Although “the county, as a unit of government, is older in point of time than either the state or the town”, 20 C. J. S., Counties, § 2, page 757, and “had its origin in England, preceding the organization of the kingdom itself”, 14 Am. Jur., page 185, its attributes and functions differ widely in the various states. In some it is regarded as a mere agency or arm of the state government and not as an independent governmental entity, while in other states the constitutions confer on counties a large measure of self-government, including legislative powers similar to those usually vested in chartered towns and cities, thereby making an autonomous, self-governing, political entity with respect to local affairs.

Prior to the Constitution of 1868, the government of South Carolina was rather centralized and the affairs of the counties and judicial districts were largely managed and controlled by the General Assembly. In that Constitution it was declared, Article 2, Section 3, that the judicial districts should thereafter be designated as counties and that each county should constitute one election district. Section 19 of Article 4 was as follows: “The qualified electors of each county shall elect three persons for the term of two years, who shall constitute a board of county commissioners, which shall have jurisdiction over roads, highways, ferries, bridges, and in all matters relating to taxes, disbursements of money for county purposes, and in every other case that may be necessary to the internal improvement and local concerns of the respective counties: Provided, That in all cases there shall be the right of appeal to the State Courts.” This section was repealed in 1890. 20 Statutes, page 649. Article 9, Section 8 provided that “the corporate authorities of counties, townships, school districts, cities, towns, and villages may be vested with power to assess and collect taxes for corporate purposes; such taxes to be uniform in respect to persons and property, within the jurisdiction of the body imposing the same.”

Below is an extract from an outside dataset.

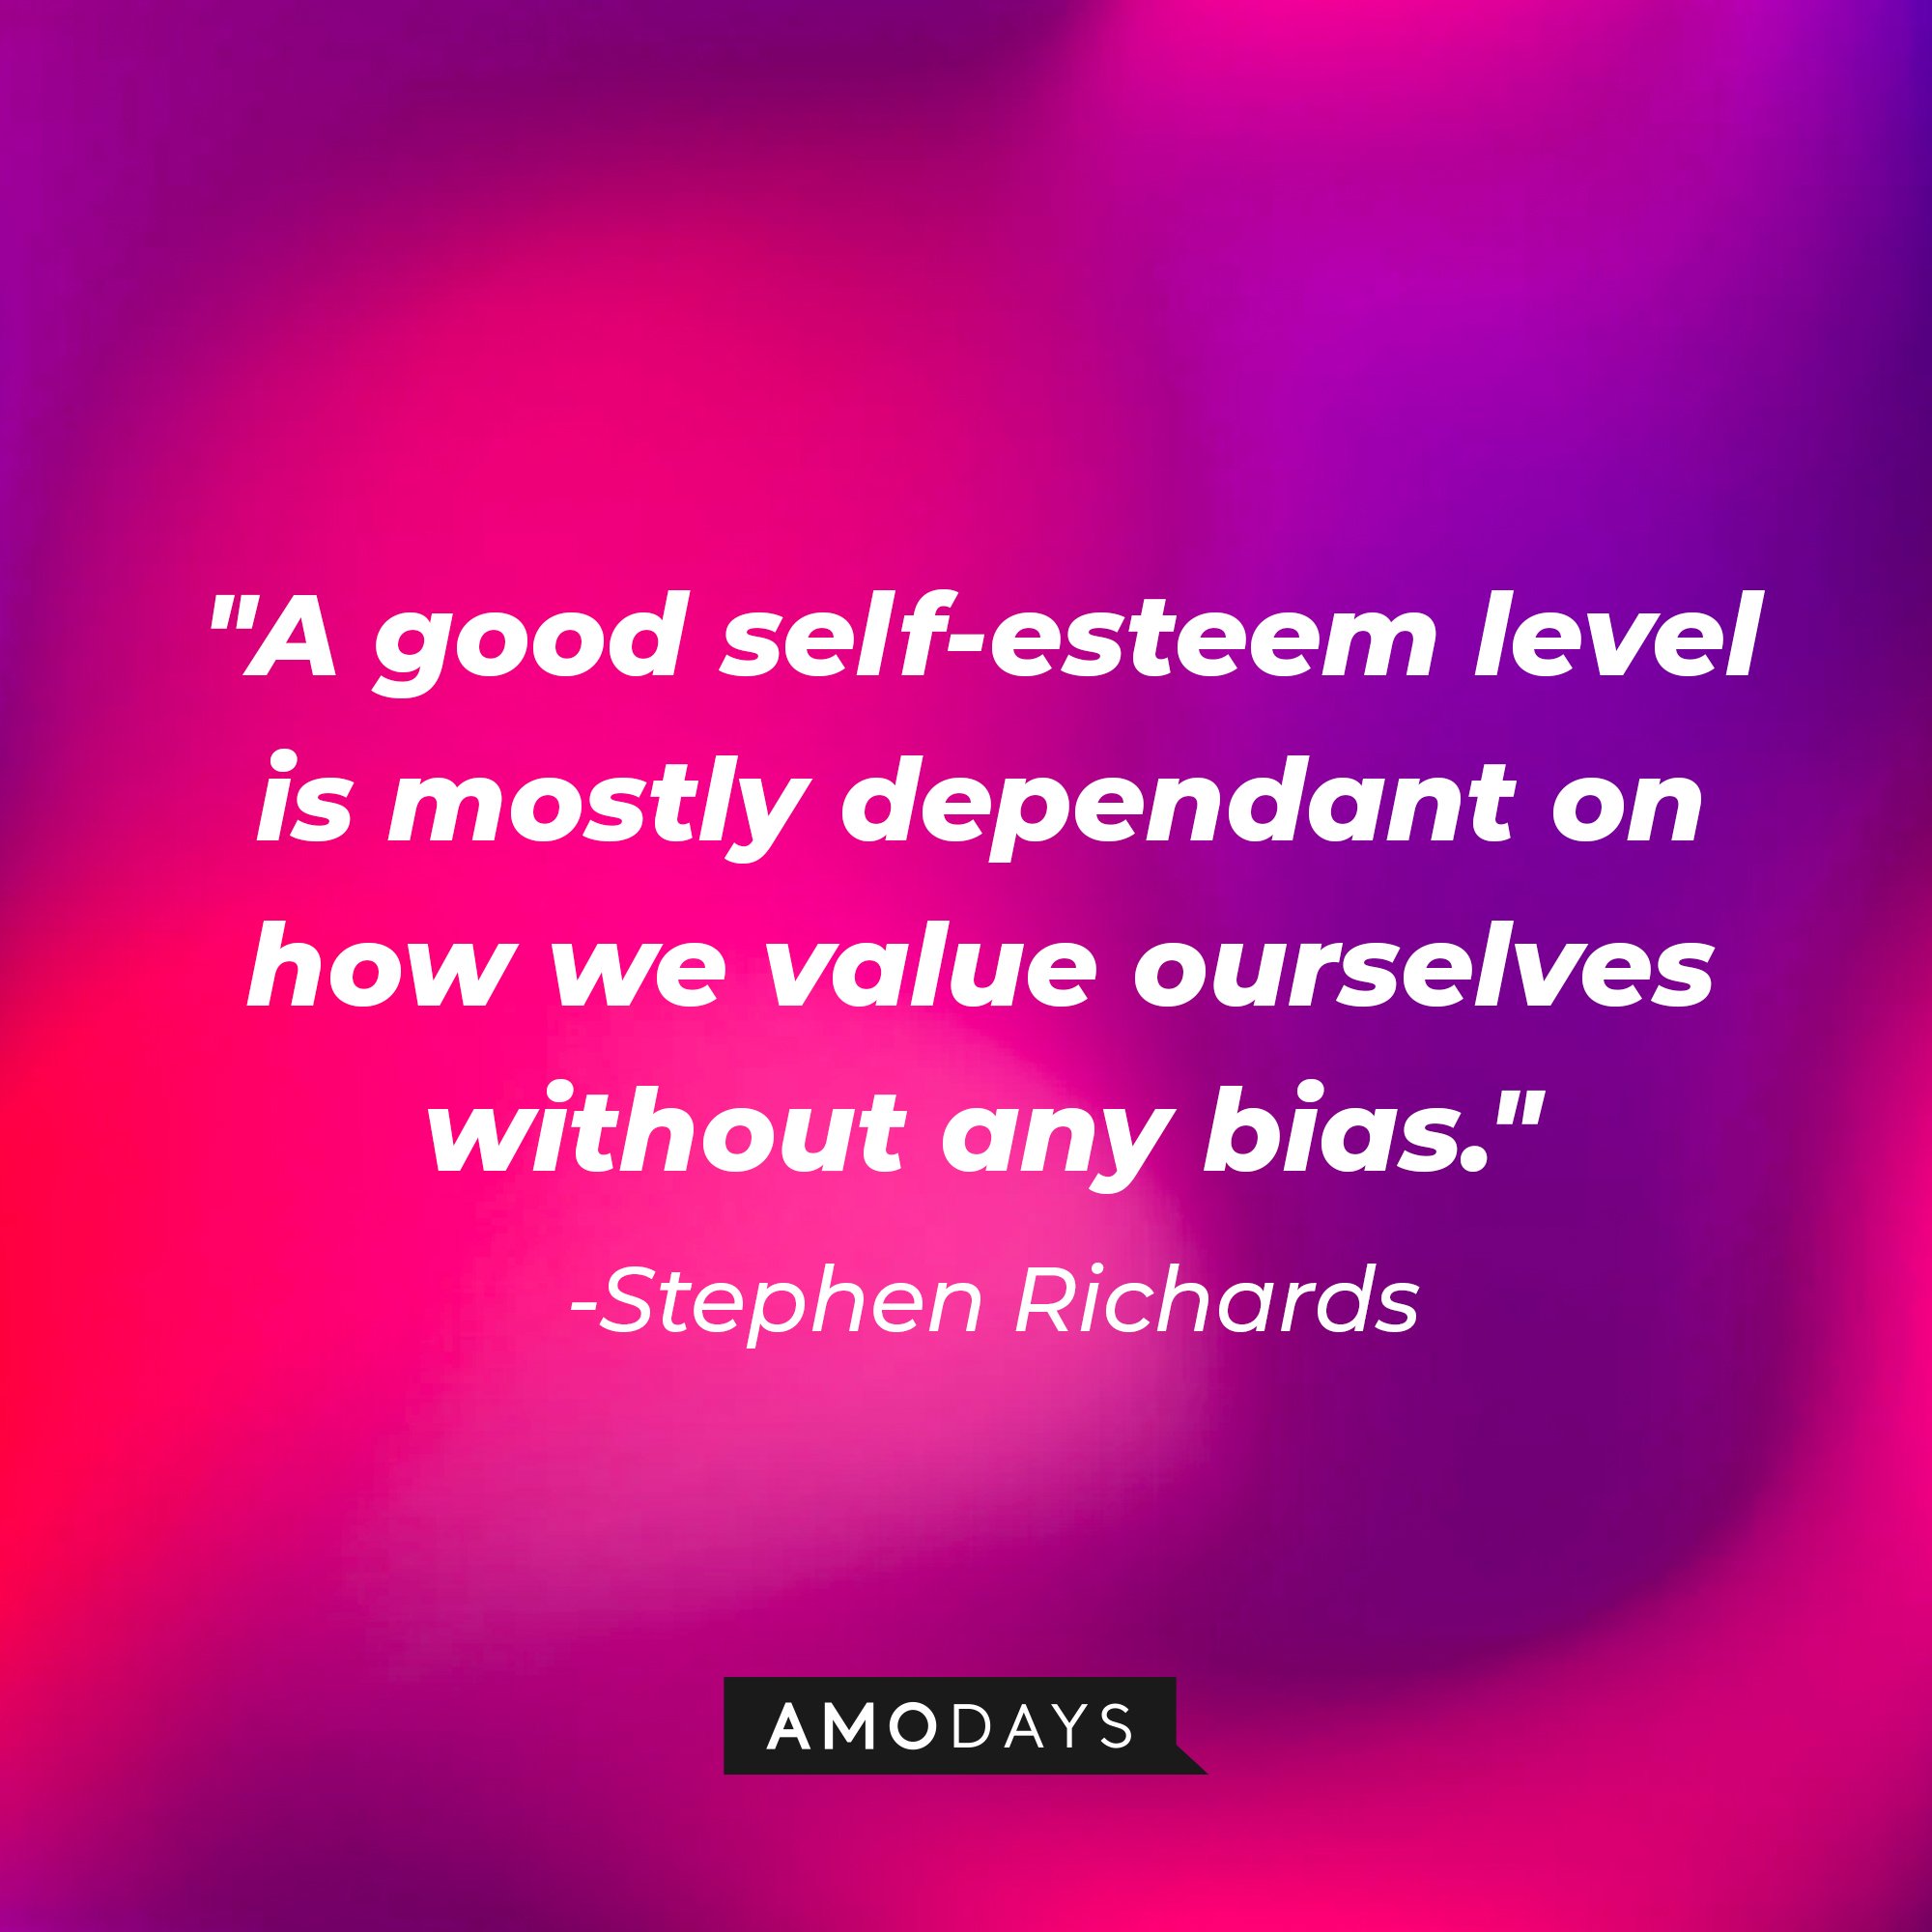 Stephen Richards' quote: "A good self-esteem level is mostly dependant on how we value ourselves without any bias." | Image: AmoDays

Under our present Constitution, adopted in 1895, it is stated, Article 7, Section 9, that “each County shall constitute one election district, and shall be a body politic and corporate.” Under Article 7, Section 11, the General Assembly is authorized to “make special provision for municipal government”, and it is declared in Article 10, Section 5, that “the corporate authorities of counties, townships, school districts, cities, towns and villages may be vested with power to assess and collect taxes for corporate purposes; such taxes to be uniform in respect to persons and property within the jurisdiction of the body imposing the same”. It will be observed that this provision is taken verbatim from Article 9, Section 8 of the Constitution of 1868. However, no provision similar to Section 19, Article 4, of the Constitution of 1868 is found in that of 1895. This omission was probably due to political conditions existing during Reconstruction Days, which demonstrated the need of restoring to the General Assembly plenary power over the affairs of the counties.

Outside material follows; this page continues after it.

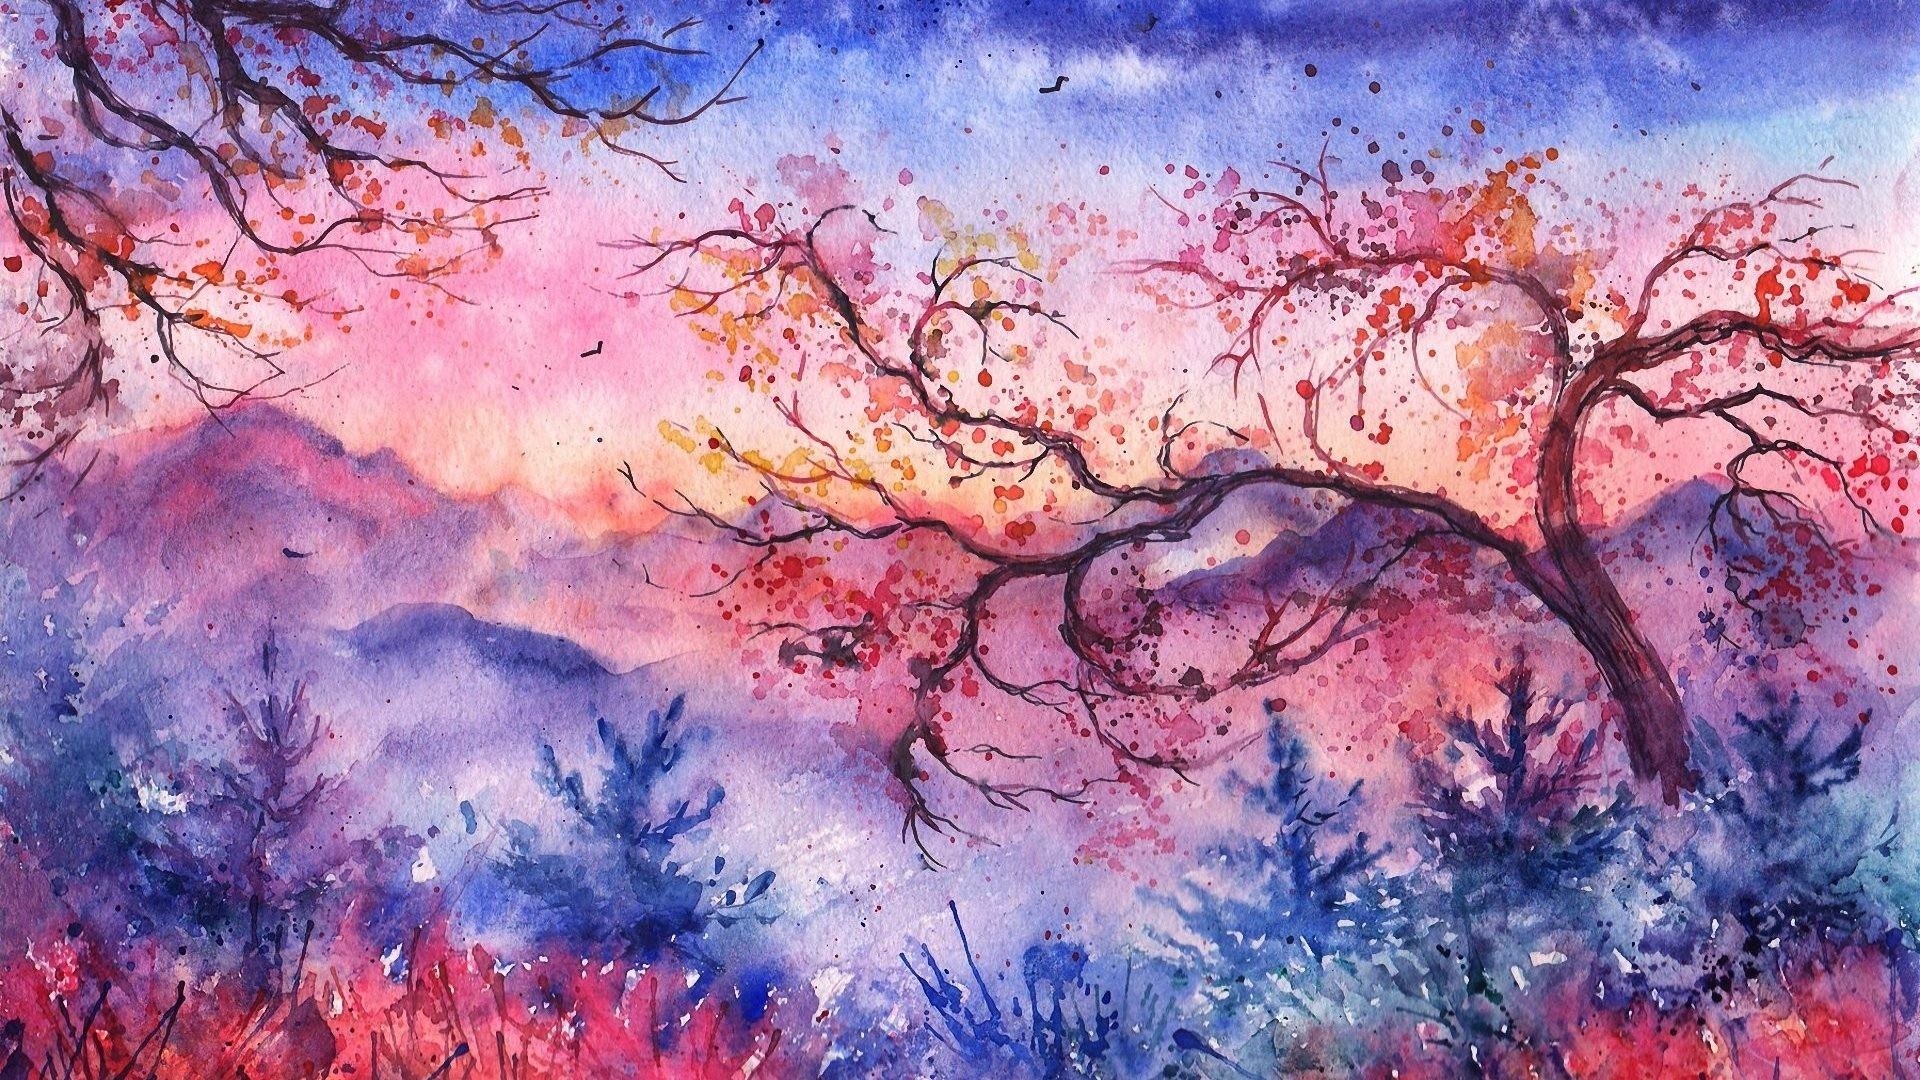 1920x1080 Evening Tag - Christmas Landscape Trees Foliage Watercolor Birds Painted  Evening Sunset Mountains Abstract Nature Wallpaper

In Lillard v. Melton et al., supra, the Court pointed out that there was no.provision in the Constitution of 1895 establishing “a uniform or definite form of county government”, and observed that “in this particular the present Constitution differs materially from that of 1868 (Section 19, article 4).”

In discussing the above mentioned sections of the Constitution of 1895, the Court in Battle et al. v. Willcox et al., 128 S. C. 500, 122 S. E. 516, 517, said: “The corporate purposes of the county as such are not expressly defined and set forth either by the Constitution or by statute. That the object or purpose of constituting townships bodies politic and corporate is essentially identical in character with that contemplated in making counties bodies politic and corporate would seem to be obvious. That corporate purpose, broadly speaking, is the object sought to be attained by the creation of all subordinate governmental agencies or municipal corporations, viz., the promotion of the public good through the exercise by these agenoies or bodies politic of such powers as may be delegated to them by competent authority.”

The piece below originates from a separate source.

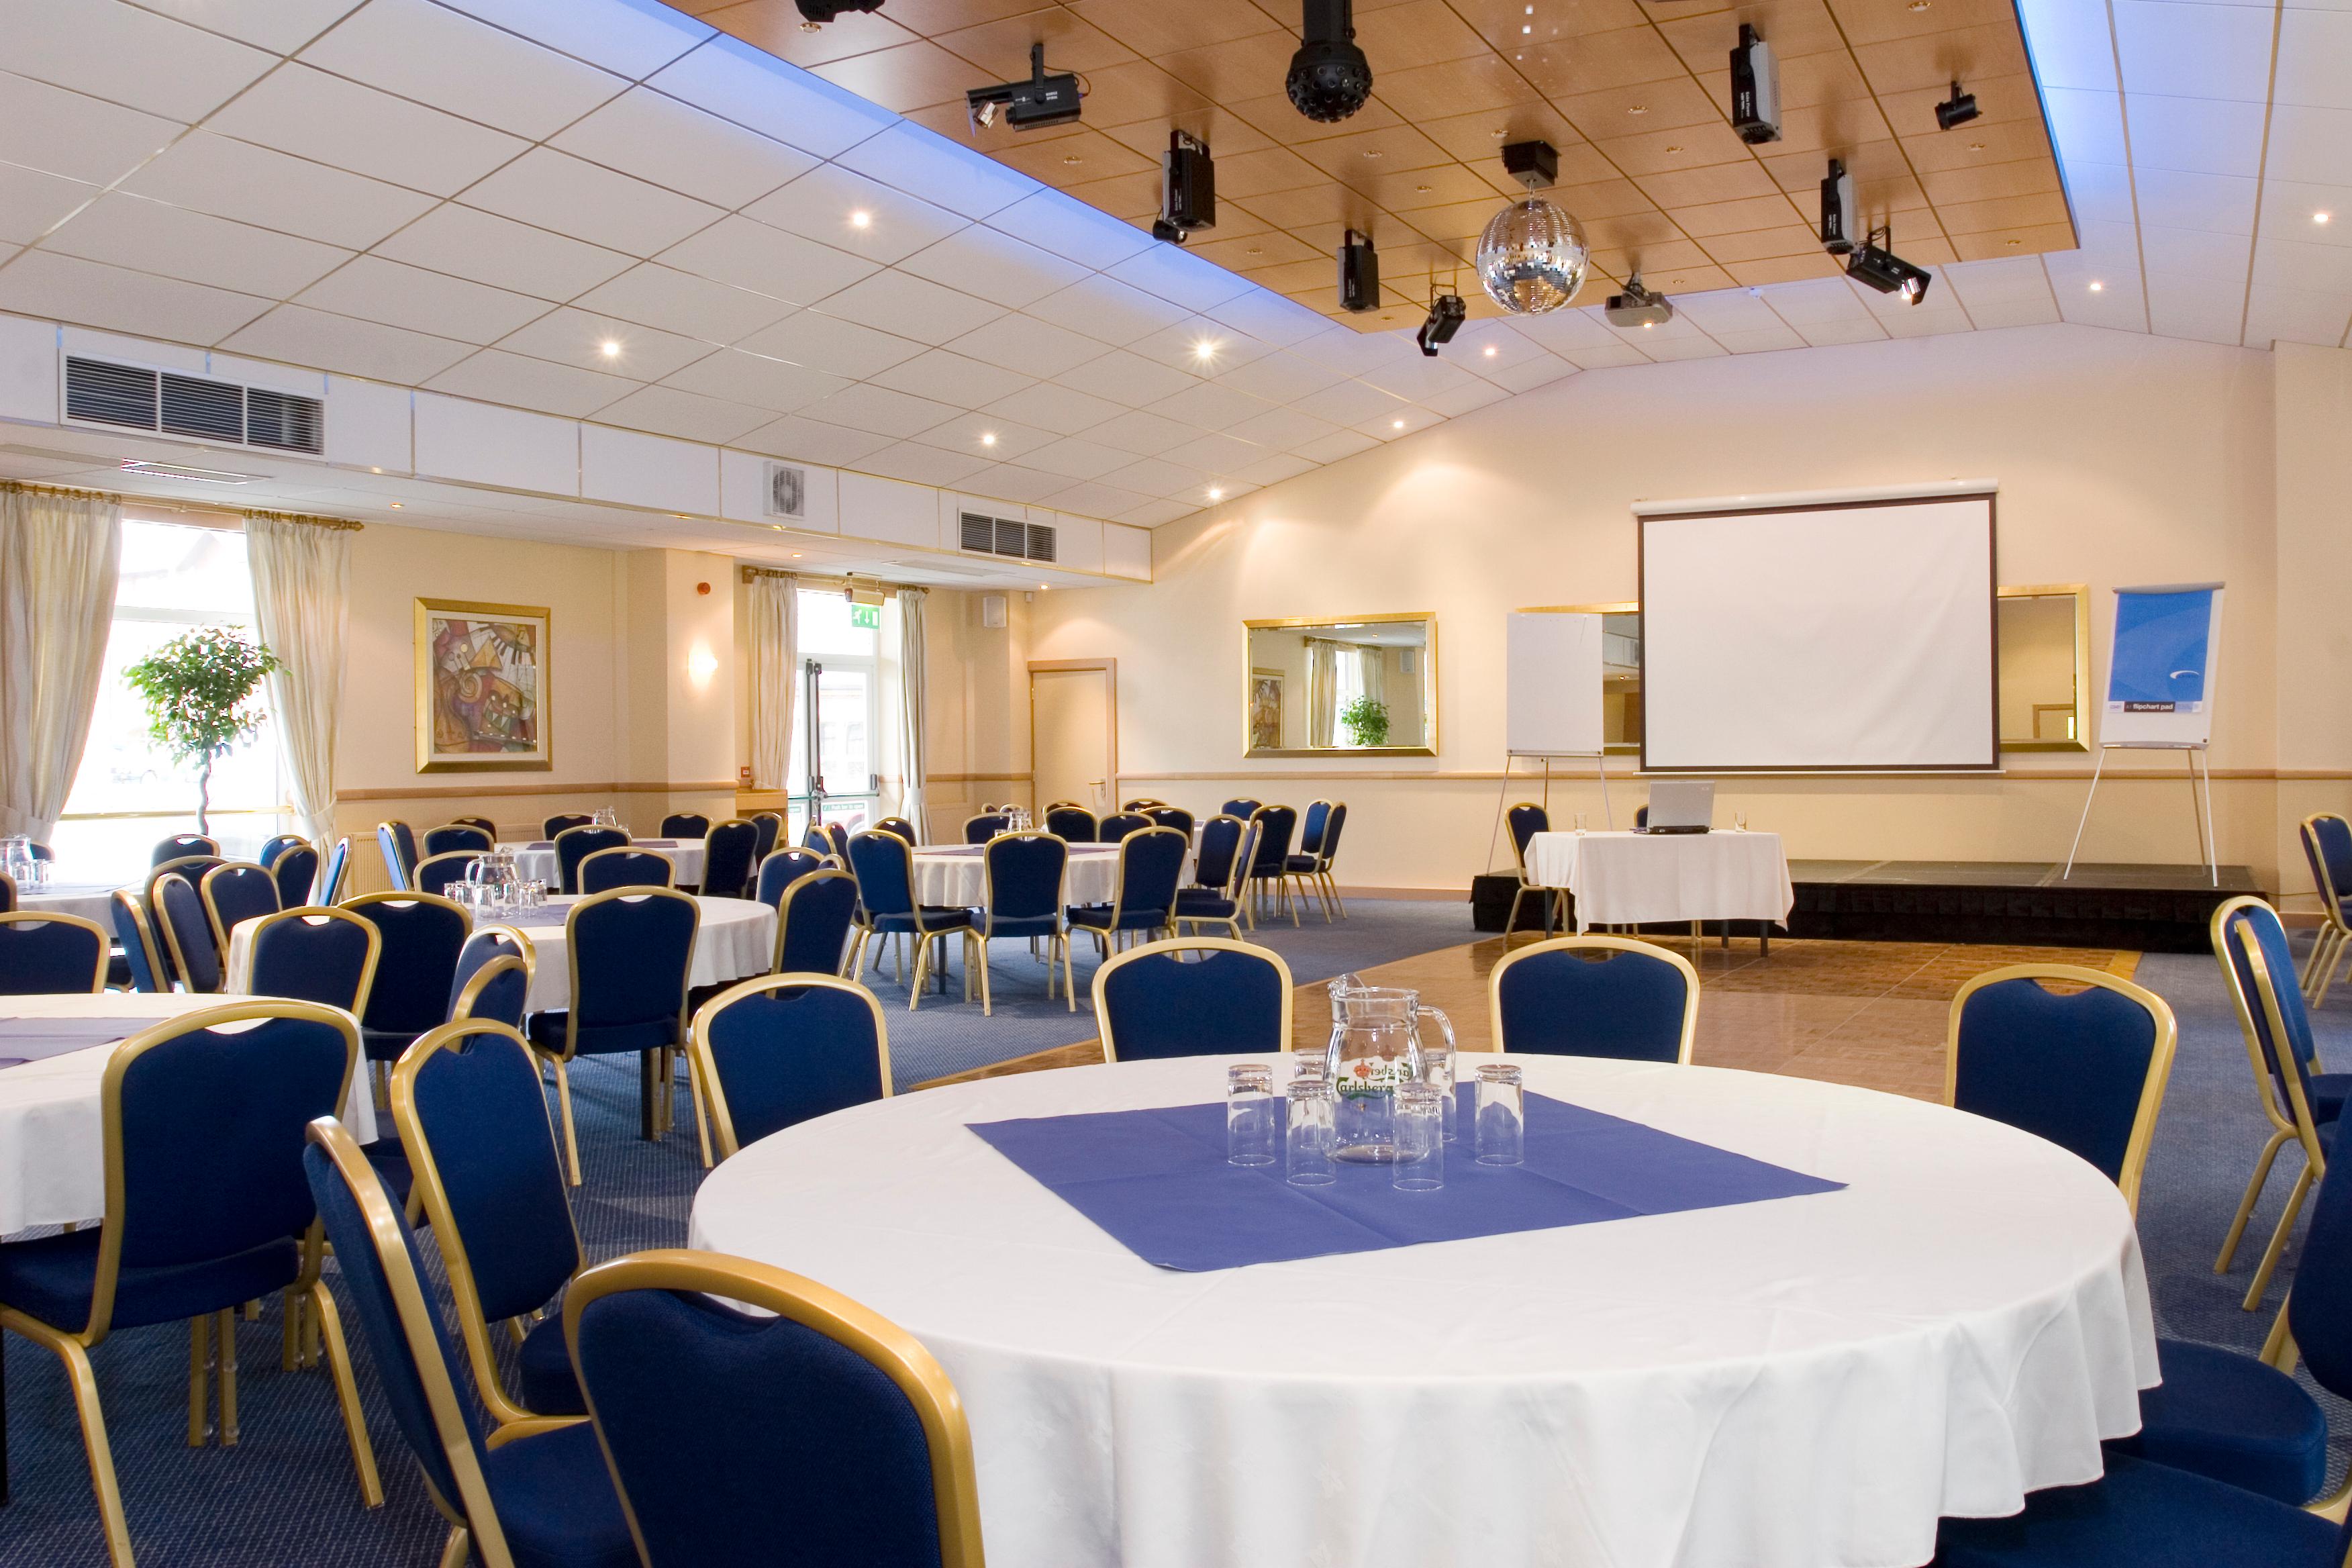 Bluebell Banqueting Suite, The Fairway And Bluebell Banqueting Suite photo #7

In the light of this historical and constitutional background, we shall now consider the various grounds upon which this legislation is assailed.

Does the power to make appropriations, levy taxes, incur indebtedness and issue bonds constitute an invalid delegation of legislative authority to the County Council in violation of Article 3, Section 1 of the Constitution of 1895, which vests the legislative power of the State in the General Assembly? Respondents assert that such authority may be delegated under Article 7, Section 11, and Article 10, Section 5 of the Constitution of 1895.

In State ex rel. Brown v. Chester & L. N. G. R. Co., 13 S. C. 290, decided in 1880, the Court, after stating that it was “competent for the Legislature to confer upon the people of a county power to incur obligations binding upon them, as a community, unless forbidden by the Constitution”, said that it *was reasonable to infer from the provisions of the Constitution of 1868 “that the counties were intended either to have originally or from the Legislature capacity to contract obligations necessary to the transaction of their local business.” In Duke v. County of Williamsburg, 21 S. C. 414, the Court held that the powers conferred on county commissioners by Section 19, Article 4 of the Constitution of 1868 did not “embrace the power to levy taxes, except as such power is delegated by some act of the Legislature”, and that in the absence of statutory authority, the county commissioners of a county were not empowered to issue bonds to purchase land for the purpose of establishing thereon a “poor farm.”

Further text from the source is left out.